[PROBLEM] Once you find the line with "Saint Lucy Handcrafted", output it and every line after it exactly, through the last line of the listing, but no pictures.

[INPUT DATA]
☆ ☆ ☆ ☆
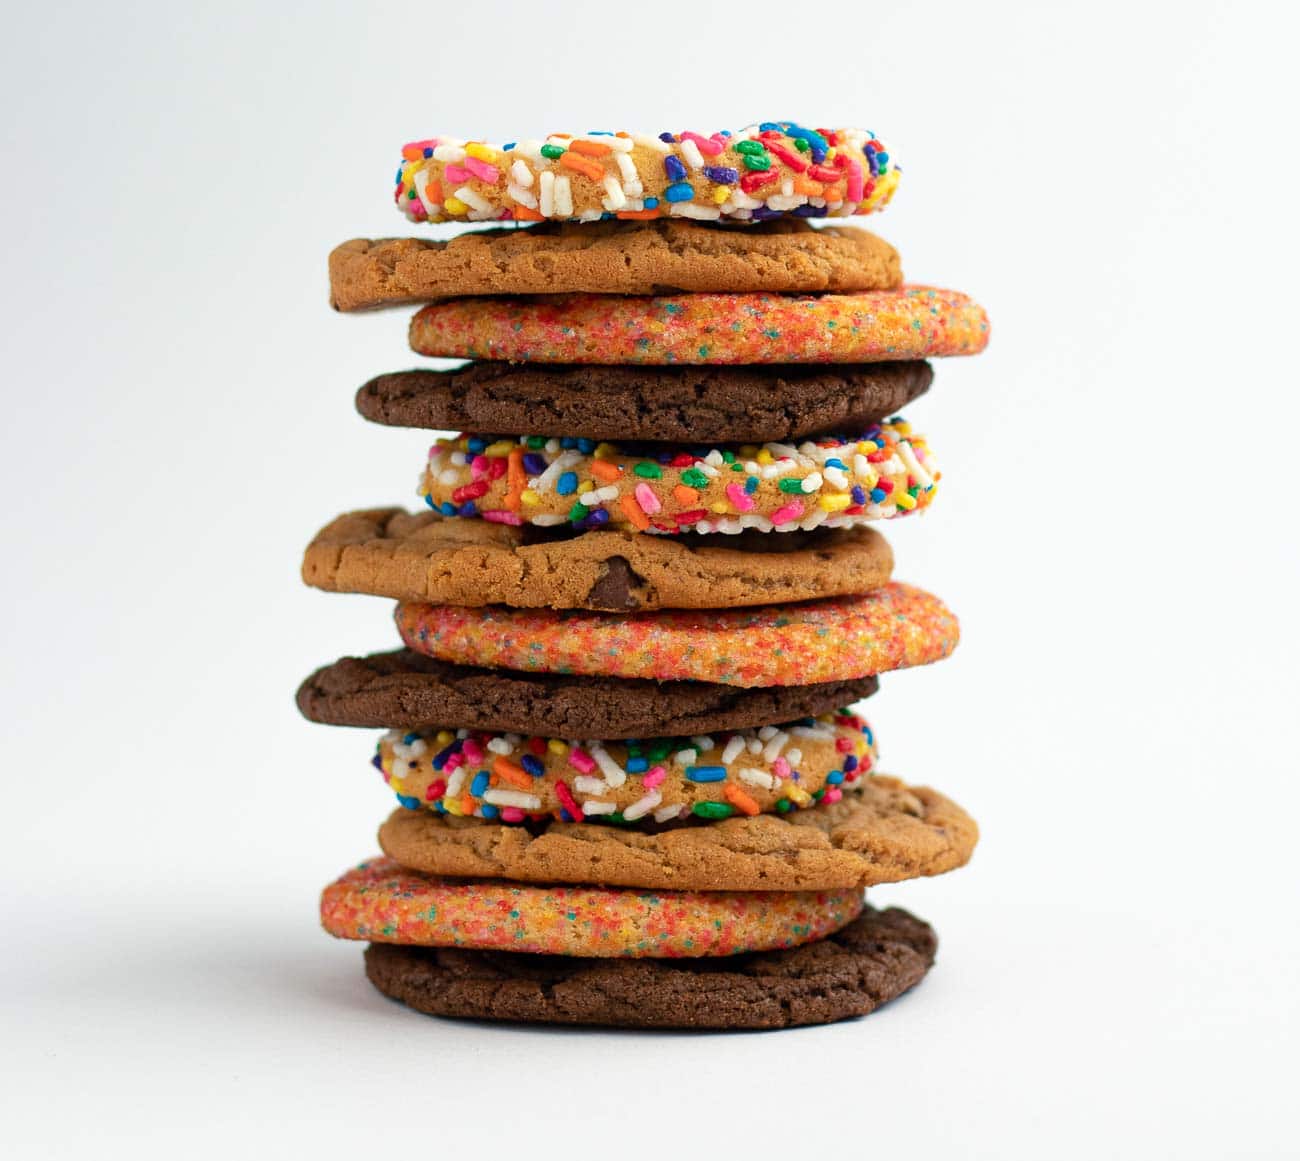 Picture of a dozen cookies including Birthday cake, Original chocolate chip, Sugar, Double fudge cookies alternately stacked
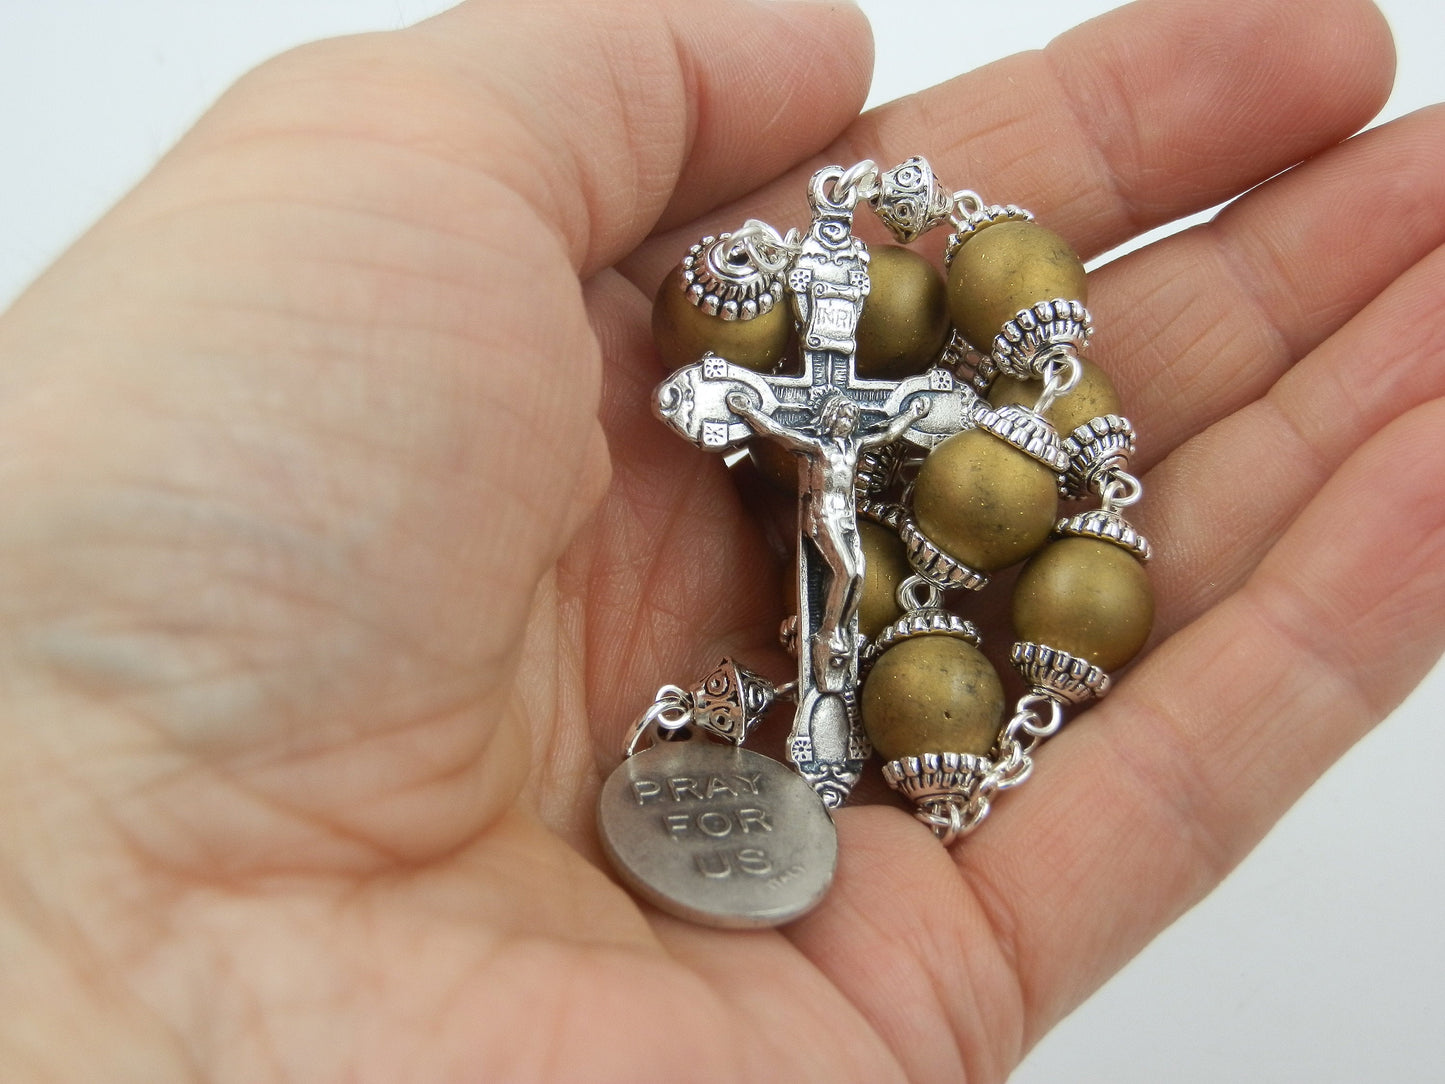 Saint Lucy Handcrafted prayer chaplet, Rosary prayer chaplet, Patron Saints medal prayer beads, Immaculate Heart of Mary, rosaries.
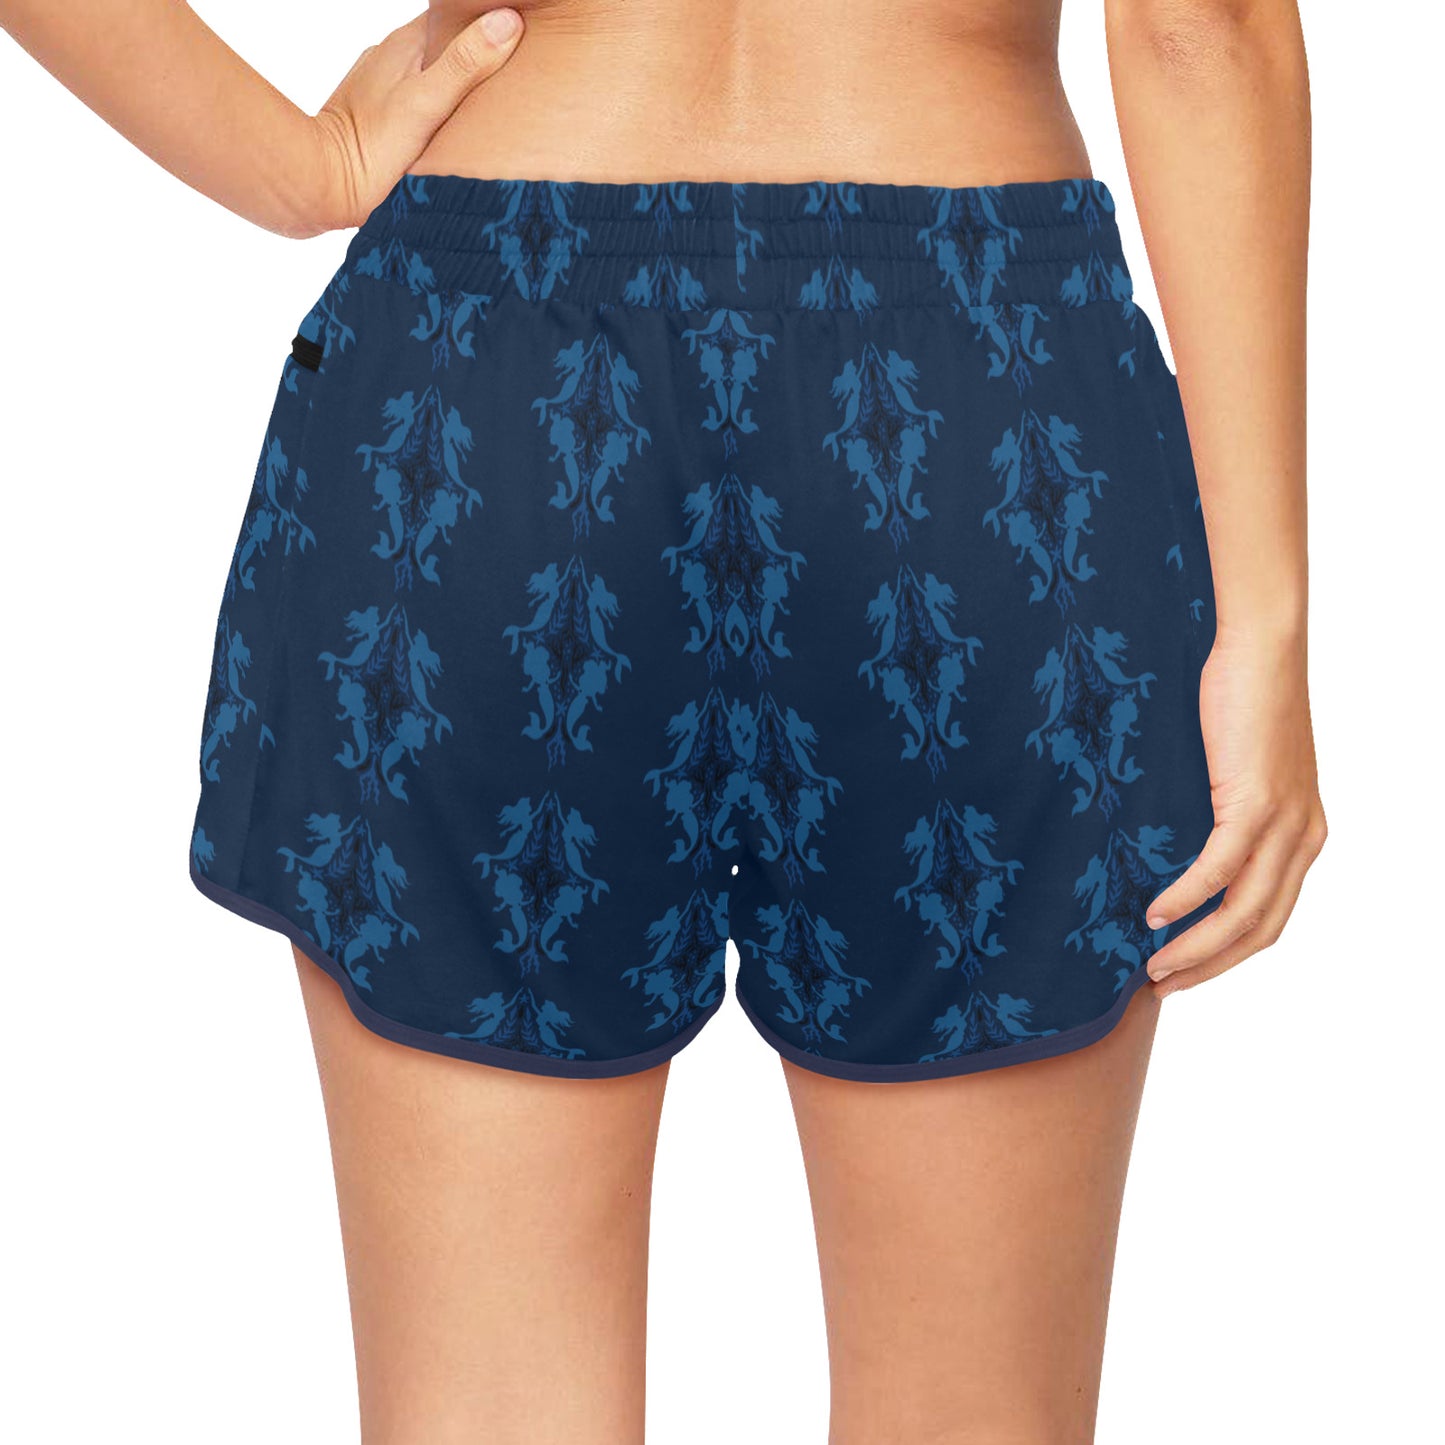 Under The Sea Women's Athletic Sports Shorts
☆ ☆ ☆ ☆
[OUTPUT BELOW]
 Saint Lucy Handcrafted prayer chaplet, Rosary prayer chaplet, Patron Saints medal prayer beads, Immaculate Heart of Mary, rosaries.
 Under The Sea Women's Athletic Sports Shorts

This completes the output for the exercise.